We decided to focus on model construction in the belief that it generally affords deeper understanding than model exploration. However, the key is reducing the time required for students to achieve enough model construction skill so that science lessons based on model construction become feasible. In the near future, we would like to run an experiment similar to the Hashem and Midouser one but using Dragoon instead of NetLogo. We hypothesize that constructing Dragoon models produces more learning gains than model exploration and it costs only 1 or 2 h more instructional time instead of 48 h more. However, in our current studies, we compare Dragoon-based model construction only to baseline instruction that does not involve computational model construction. If Dragoon cannot beat baseline instruction, then there is no sense comparing it to model exploration.

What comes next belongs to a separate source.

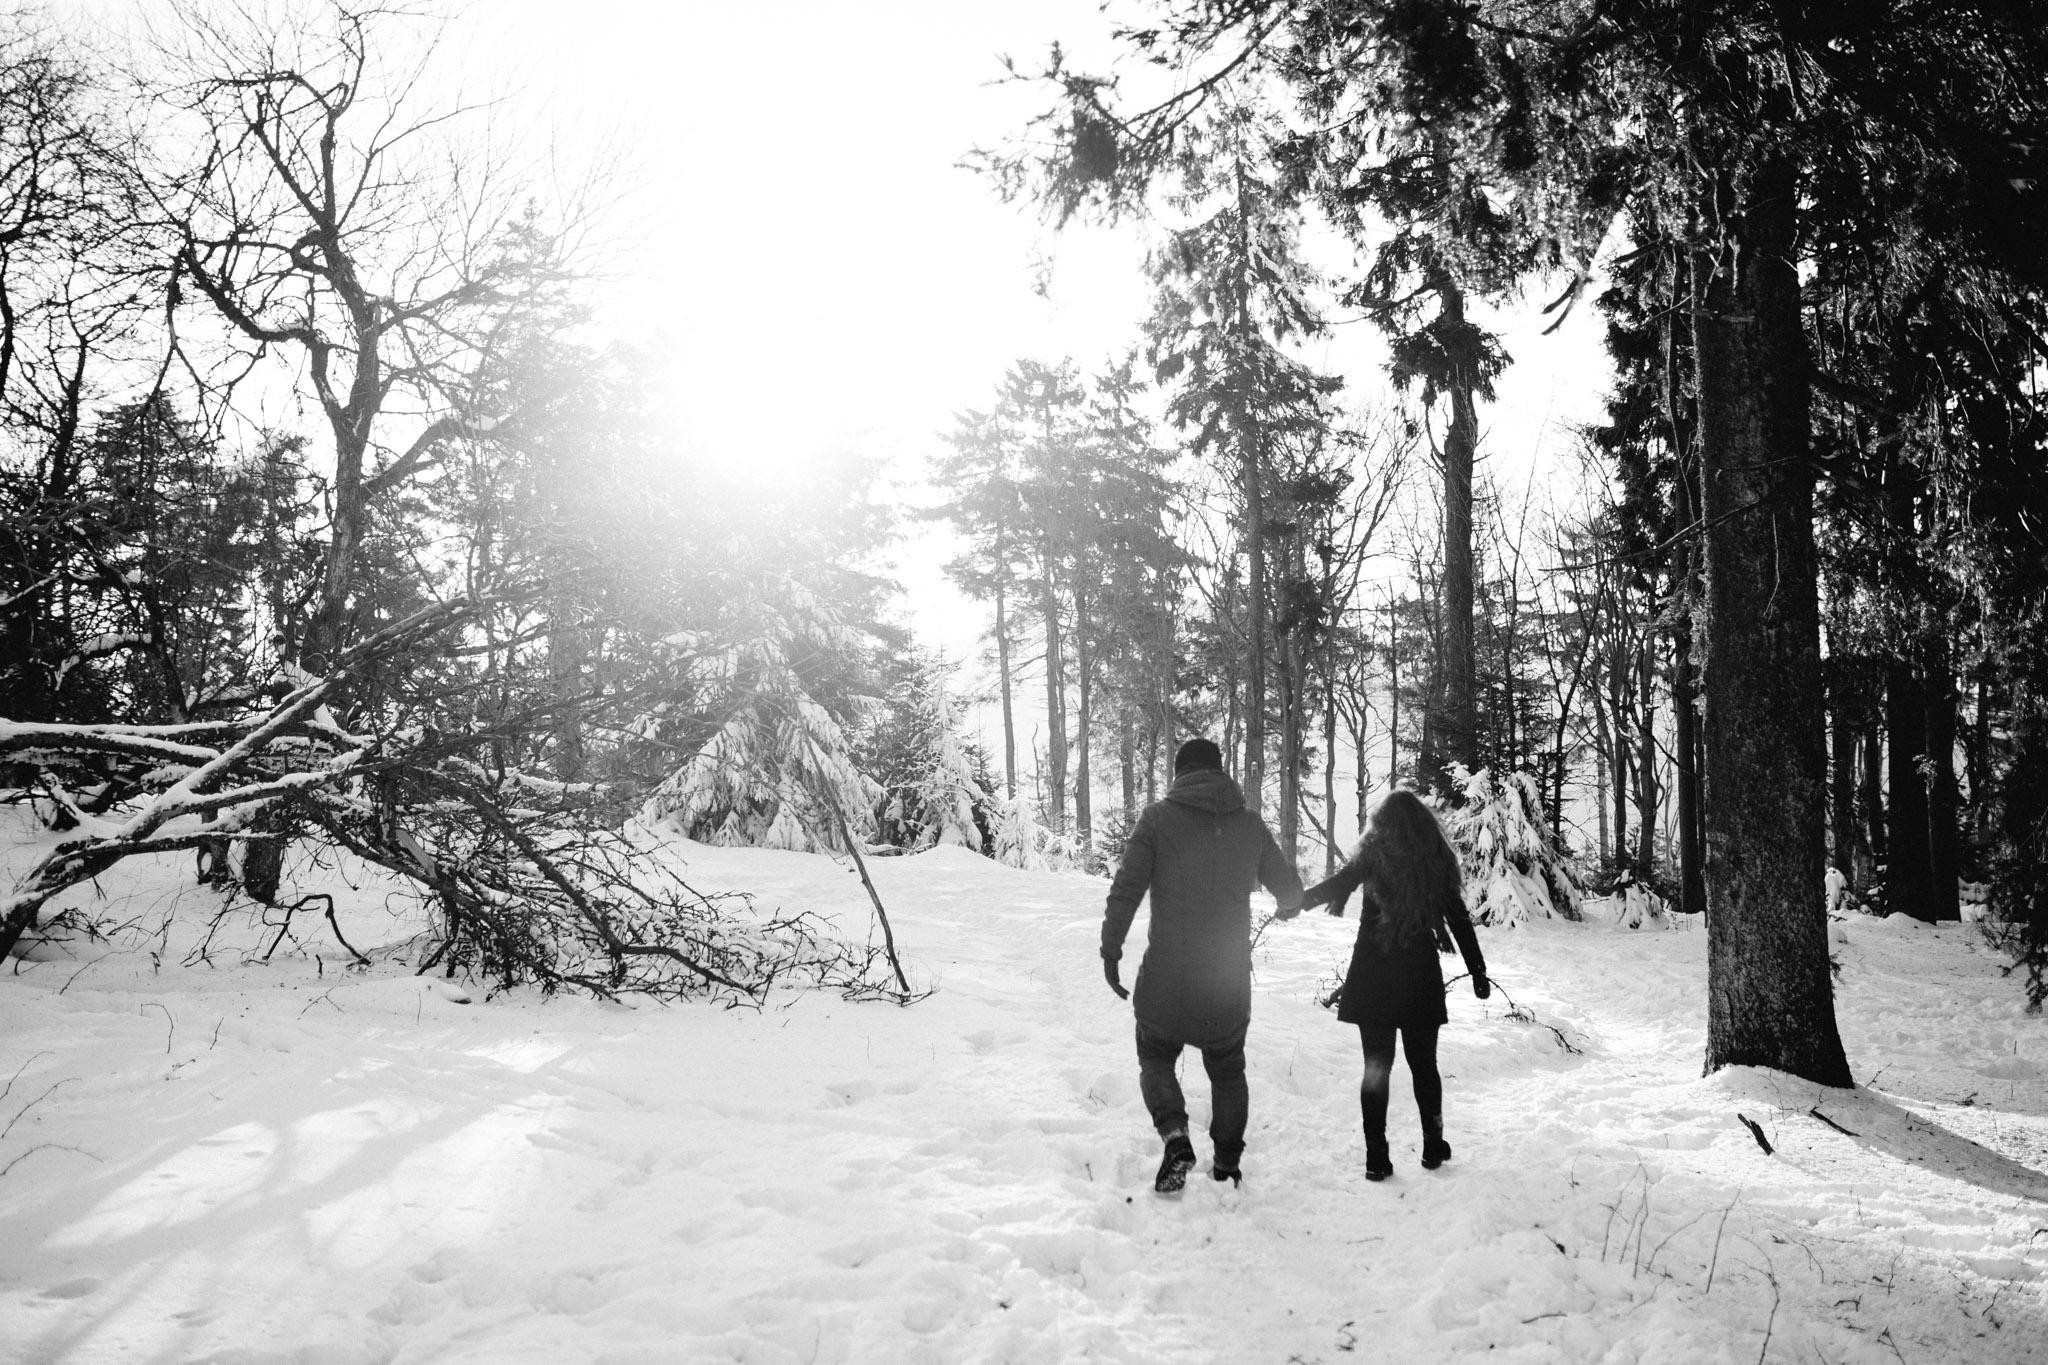 Grosser-Feldberg-Frankfurt-Engagement-Pia-Anna-Christian-Wedding-Photography-SE-6.jpg

However, “constructing a model of a given system” can mean many things depending on how the system is “given” (VanLehn 2013). For easy reference, let us define three points along a continuum of model construction tasks.

The most difficult model construction tasks merely identify the system but do not provide any information about it. Such tasks require the students to seek information empirically or in the literature, so they are a kind of inquiry activity. For example, such a task is: “Create a model of the elephant population of the Serengeti ecosystem covering the next 20 years.” This brief text is all that the students are given, so they must search for the current size of the elephant population, its historical sizes, factors that influence the population, etc. and eventually formulate all this information as a model.

At an intermediate level of difficulty are model construction tasks where the system is described completely and concisely. For instance, an example of such a description is:

As of August, 2014, there were 7535 elephants in the Serengeti ecosystem and an annual growth rate of 5 %. Construct a model of the population covering the next 20 years.

Although such problems often provide relatively complete information about the system and students are not expected to go to the literature to find out more about the system, even a complete system description may require making key assumptions, such as knowing that “growth rate” includes all sources of change in the elephant population, including births, deaths, emigration and immigration. A concise system description may also include extra, distractor information. Such model construction problems are like the word problems that are widely used in arithmetic and algebra classes.

Perhaps the simplest model construction tasks occur when students are first learning how to use the tools; these tasks provide a complete and concise description of the model as well as the system to be modeled. For instance, if the modeling language is algebraic equations, then such a description would be:

Construct a model of the Serengeti elephant population covering 2014 to 2034. Let E(t) be the herd population in year t. Assume E(2014) = 7535 and E(t + 1) = E(t) + 0.05*E(t).

If the students’ task is to construct a model using a graphing calculator or a spreadsheet, then they still have some work to do despite the concise description of the model. Similarly, a graphical system dynamics model can be described in terms of the nodes that need to be defined, and an agent-based model can be described in terms of the procedures each agent should follow.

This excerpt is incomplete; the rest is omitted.